Masterpiece. We take a non-Markovian process, calculate the derivative, and get a Markovian, but two-dimensional.

The coordinate and velocity are two random variables. As I understand it, they are independent.

We can also practice with the derivatives - acceleration and so on...

Guys, where'd you get your diploma so cheap? Or is it that you haven't gotten your diploma yet?

Please show me an example of how to solve this problem. The figures can be taken from the first post from the white bar graph.
 
Maxim Romanov:
Please show by example how to solve this problem.

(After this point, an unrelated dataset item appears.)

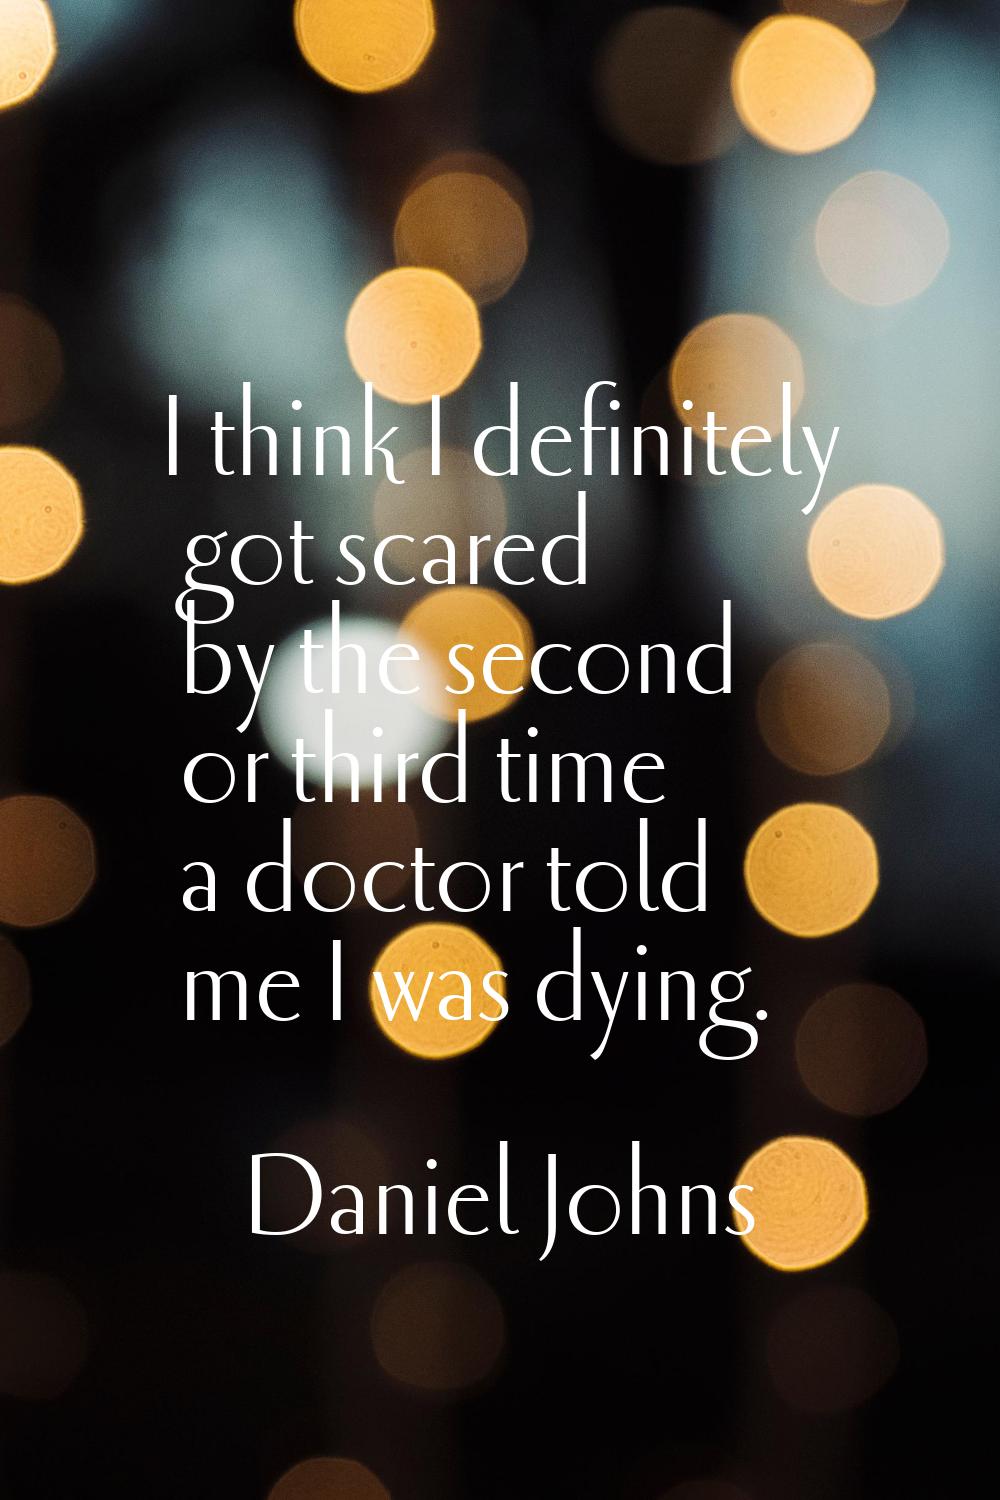 I think I definitely got scared by the second or third time a doctor told me I was dying.

The figures can be taken from the first post from the white histogram.

You might be able to solve it. Just explain your "raw data from the histogram" first.

Tell me what are the numbers on it, how are they obtained, what is their meaning.

For what reason do you call them"probability density". That is, the question of the existence of this very distribution and its differentiability (the density is the first derivative of the probability) has already been solved somewhere. Where?

Explain why there are omissions instead of data for odd points. Do you intend to provide this data later, or are you asking for a general solution, for any data.

 
Vladimir:

You might be able to solve it. Just explain your "raw data from the histogram" first.

Tell me what the numbers on it are, how they were obtained, what their meaning is.

For what reason do you call them"probability density". That is, the question of the existence of this very distribution and its differentiability (the density is the first derivative of the probability) has already been solved somewhere. Where?

Explain why there are omissions instead of data for odd points. Do you intend to provide this data later, or are you asking for a general solution, for any data.

On a histogram, the idea is this: take a sample of 10 steps, (1 step can be up or down), measure how many steps, in those 10 steps, the process has moved away from the starting point. Then we take 10 000 samples of such samples and calculate how many percent have gone for -10 steps from the starting point (downwards), then -8, -6 and so on. These percentages are written on the histogram, and values from -10 to 10 are written at the bottom of the histogram.
The process is unknown, there is only this histogram, it is not known whether it is Markovian or not, nothing is known at all, only what is shown in the figure is known.
There is no data on the odd ones because the process can go only 0, 2, 4, 6, 8 and 10 vertical steps in 10 steps.
 
Maxim Romanov:
The meaning of the histogram is as follows: we take a sample of 10 steps (1 step may be up or down) and measure the distance by which the process moved from the starting point for these 10 steps. Then we take 10 000 samples of such samples and calculate how many percent have gone for -10 steps from the starting point (downwards), then -8, -6 and so on. These percentages are written on the histogram, and values from -10 to 10 are written at the bottom.
The process is unknown, there is only this histogram, it is not known whether it is Markovian or not, nothing is known at all, only what is known in the figure.
There is no data on the odd ones because the process can go only 0, 2, 4, 6, 8 and 10 vertical steps in 10 steps.
In general, the process is little known, here I have specifically generated a sequence, in which the next step depends on the previous one, and the probability of continuing something like 65%, I do not remember exactly. That is, I set probability of continuation-> generated sequence-> got distribution, now I want to get back parameter of continuation probability from distribution.